Leith also pays tribute to the person standing just behind the curtain—the Unknown Speechwriter. Every politician has one, and a president can have a dozen or so. In White House Ghosts, the best book yet about White House speechwriters, Robert Schlesinger writes that LBJ’s speechwriters couldn’t write to his speaking strengths. On one occasion, LBJ said of their efforts: “The goddamn draft they’ve given me wouldn’t make chickens cackle if you waved it at ’em in the dark.”
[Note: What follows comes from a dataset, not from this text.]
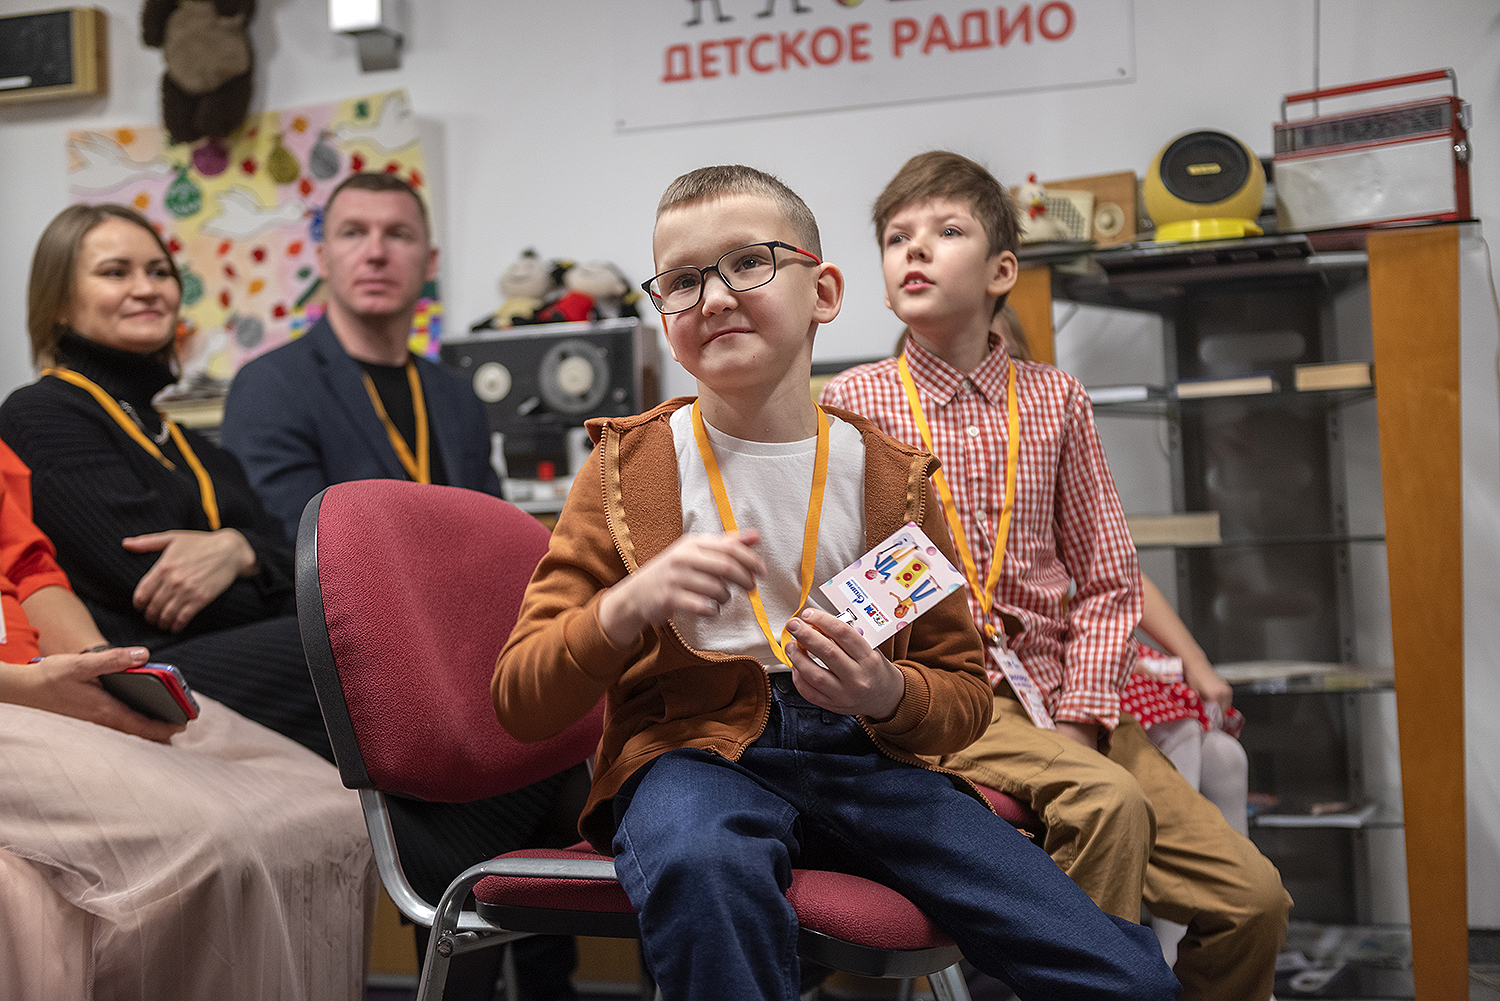 Мечта мальчика из Вологды посетить детскую радиостанцию исполнилась благодаря акции «Елка желаний»

That’s the job of the speechwriter—to make the chickens cackle. That’s not to say, unless you’re working for a complete dolt, that you try to put words in the politician’s mouth. As Leith says, “the speechwriter aims to write what the speaker thinks, in the most eloquent terms in which the speaker might plausibly express it.”

Leith singles out several speechwriters who have accomplished just that—Ronald Millar for Margaret Thatcher, and Peggy Noonan, from whose memoir, What I Saw at the Revolution, he quotes at some length. Noonan knew how to make the chickens cackle, and when necessary, to make grown men cry. Her work with Ronald Reagan on the famous “Boys of Pointe du Hoc” speech, delivered at Normandy on the 40th anniversary of D-Day, has earned her a permanent spot in the speechwriters’ hall of fame.

To conclude this discussion of words, here are some of the author’s last ones, a fine ending for his book: “People have been talking each other in and out of fights and in and out of bed since the first syllable formed on the first ape-like prehistoric lip. The total corpus of everything they’ve ever said is the object of study: the patterns that obtain across centuries are testament to our commonality; the ceaseless variation testament to the power and elasticity of invention. Rhetoric is inexhaustible.”

John R. Coyne Jr. is a former White House speechwriter and co-author, with Linda Bridges, of Strictly Right: William F. Buckley Jr. and the American Conservative Movement.